# RECORD EXTRACTS
---*---

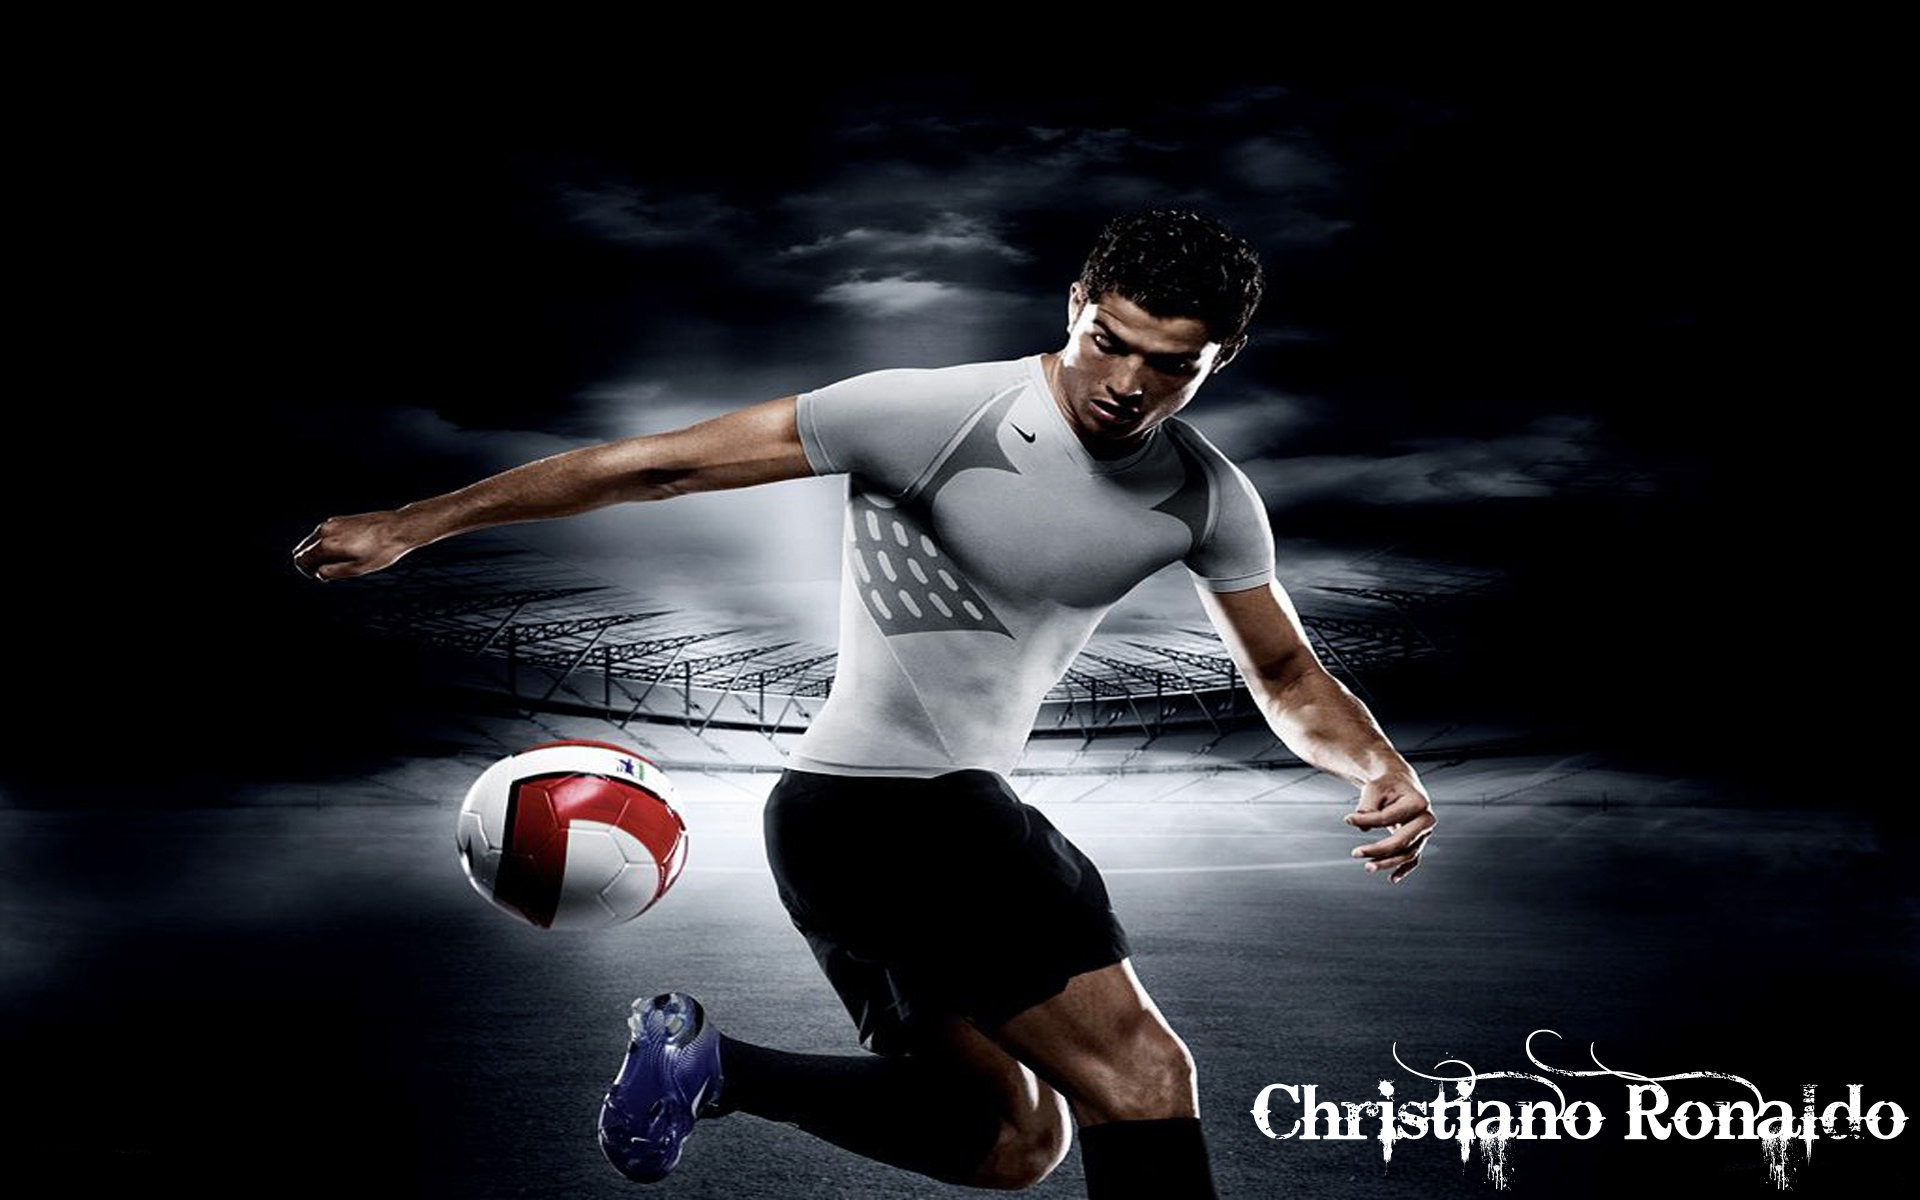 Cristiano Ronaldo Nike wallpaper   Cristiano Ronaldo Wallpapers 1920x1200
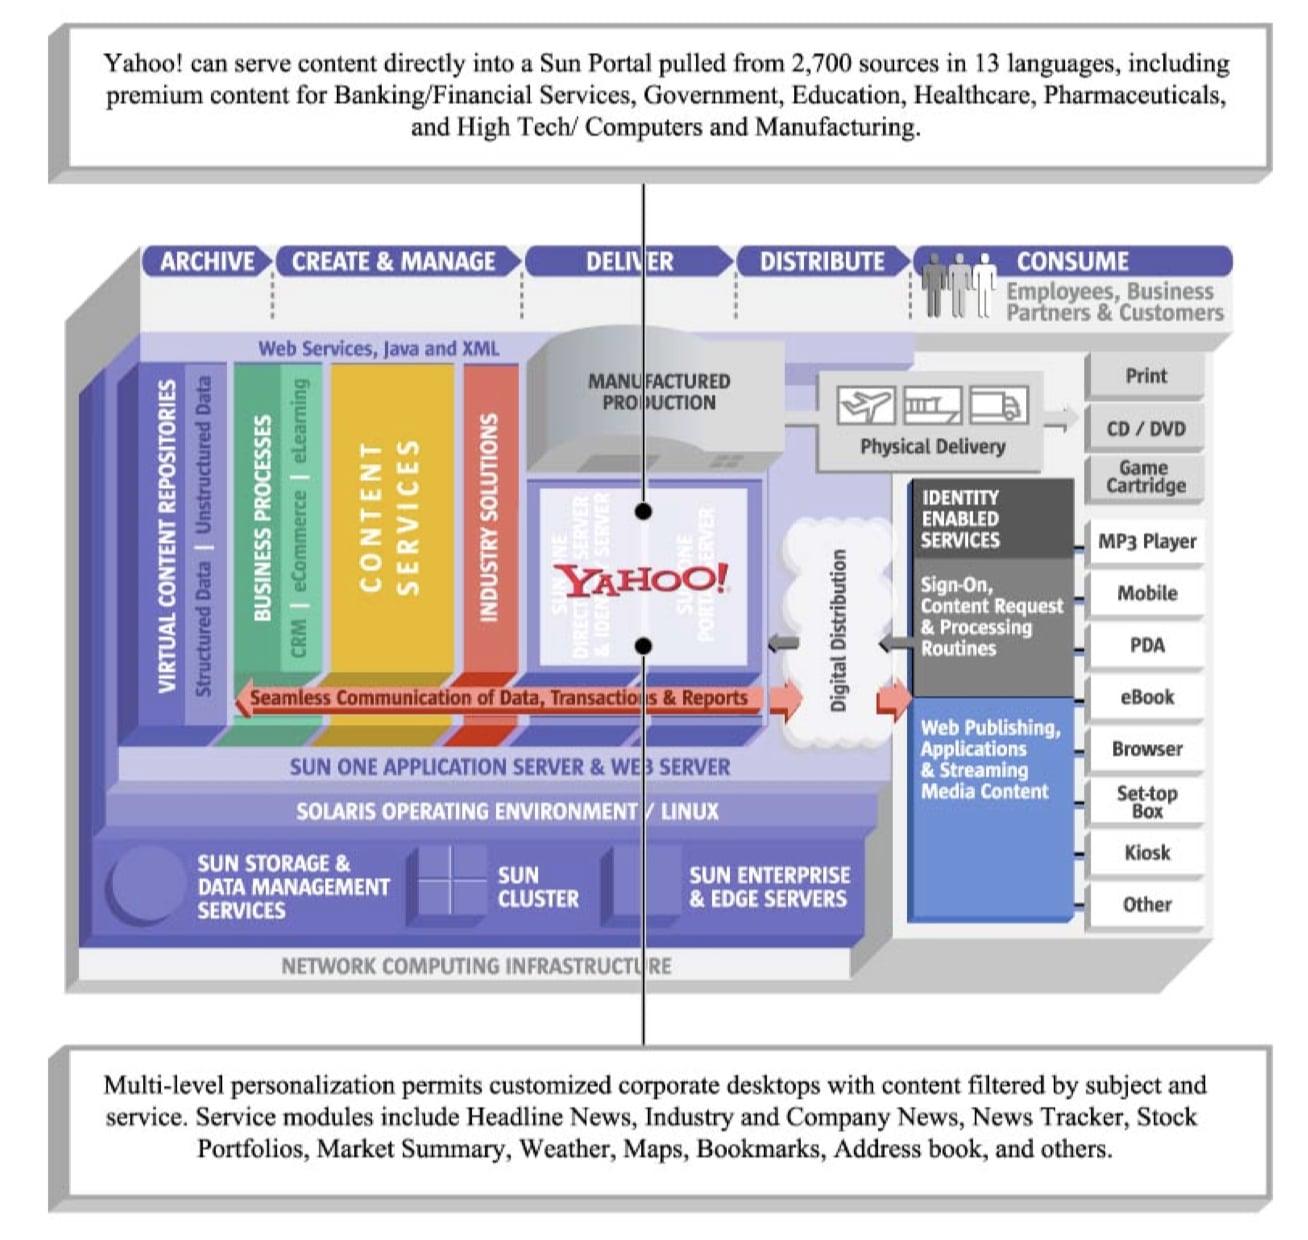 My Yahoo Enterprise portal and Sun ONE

---*---

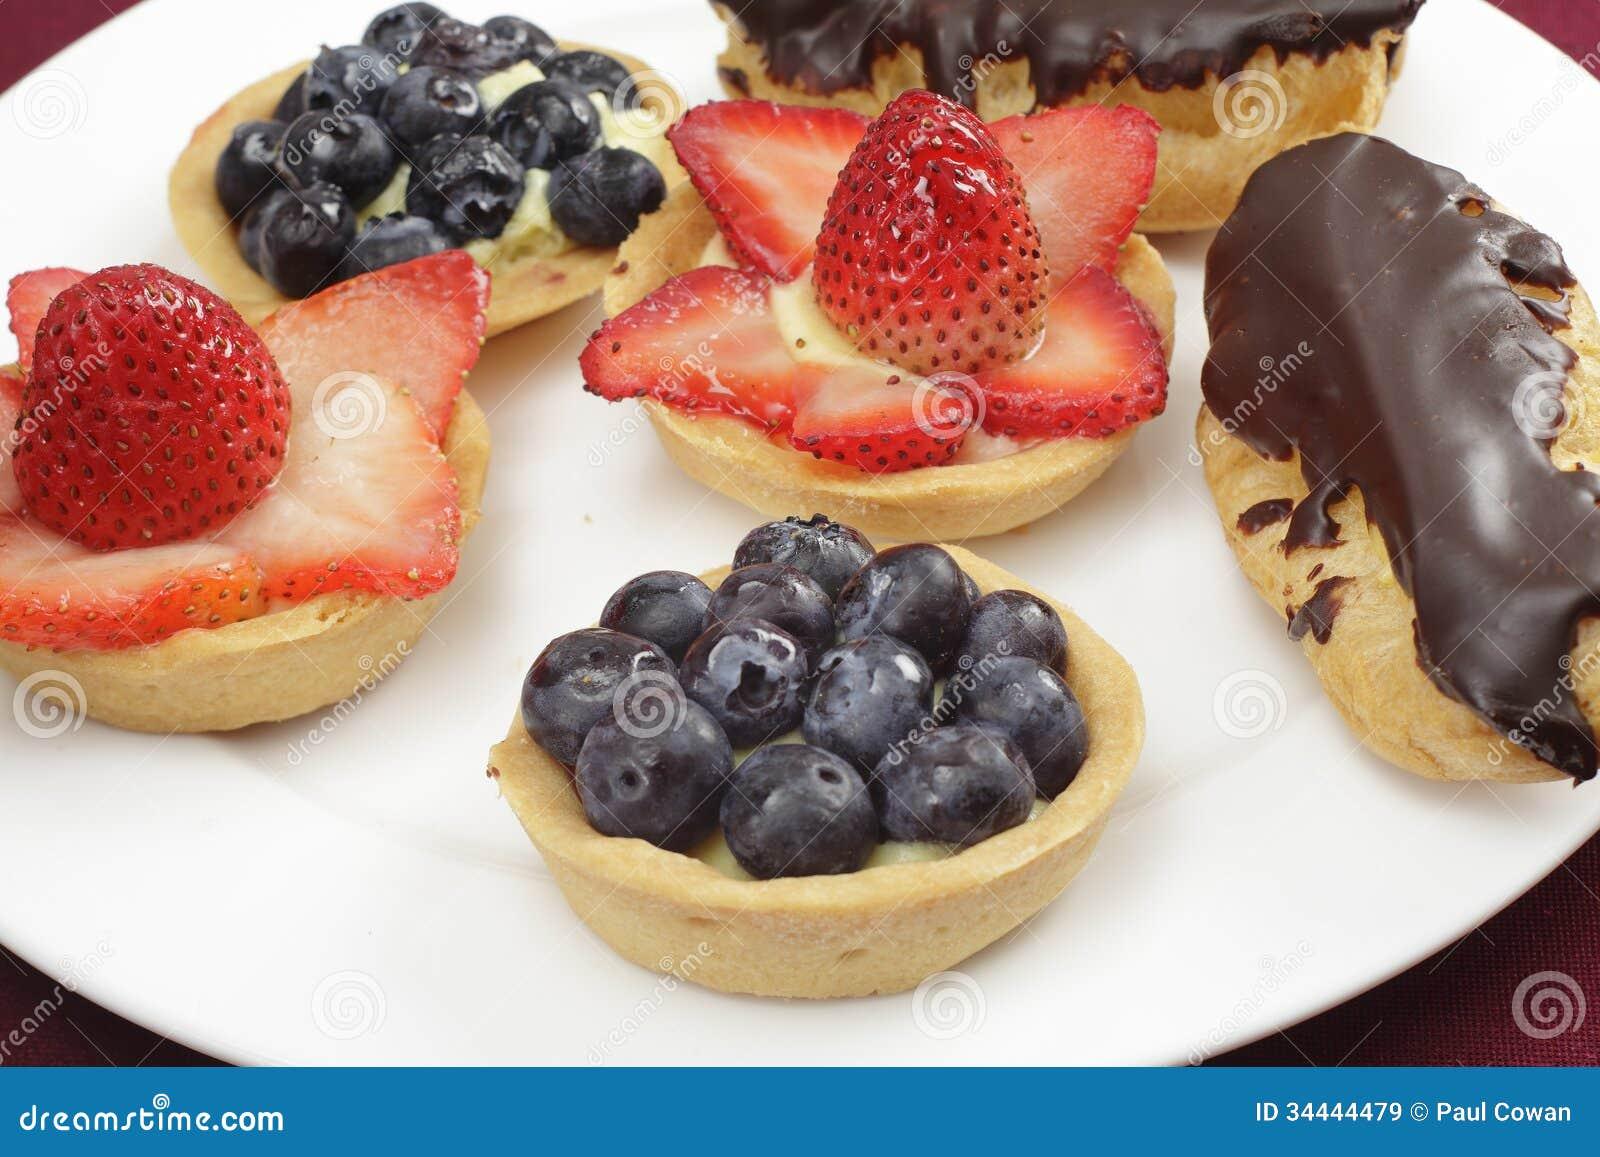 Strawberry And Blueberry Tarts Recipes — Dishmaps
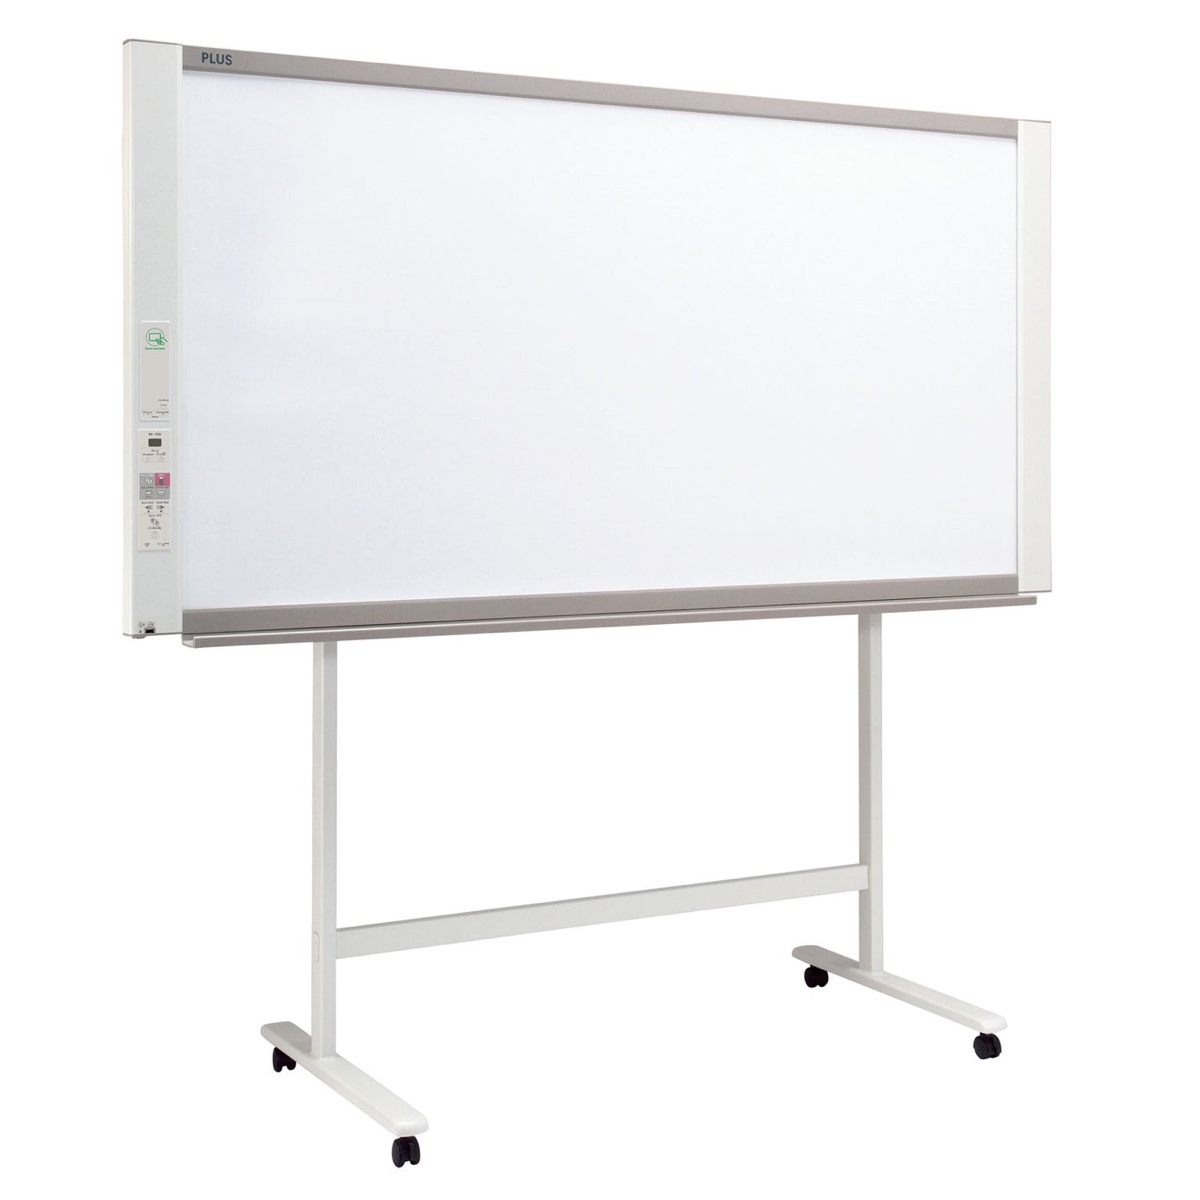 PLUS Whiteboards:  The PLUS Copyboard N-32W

---*---

# EXERCISE GOAL
Between and including the line above that contains "Cristiano Ronaldo Nike" and the line that contains "My Yahoo Enterprise portal and Sun ONE", restate every line word for word. Pictures stay out.

# ANSWER SECTION
 Cristiano Ronaldo Nike wallpaper   Cristiano Ronaldo Wallpapers 1920x1200
 My Yahoo Enterprise portal and Sun ONE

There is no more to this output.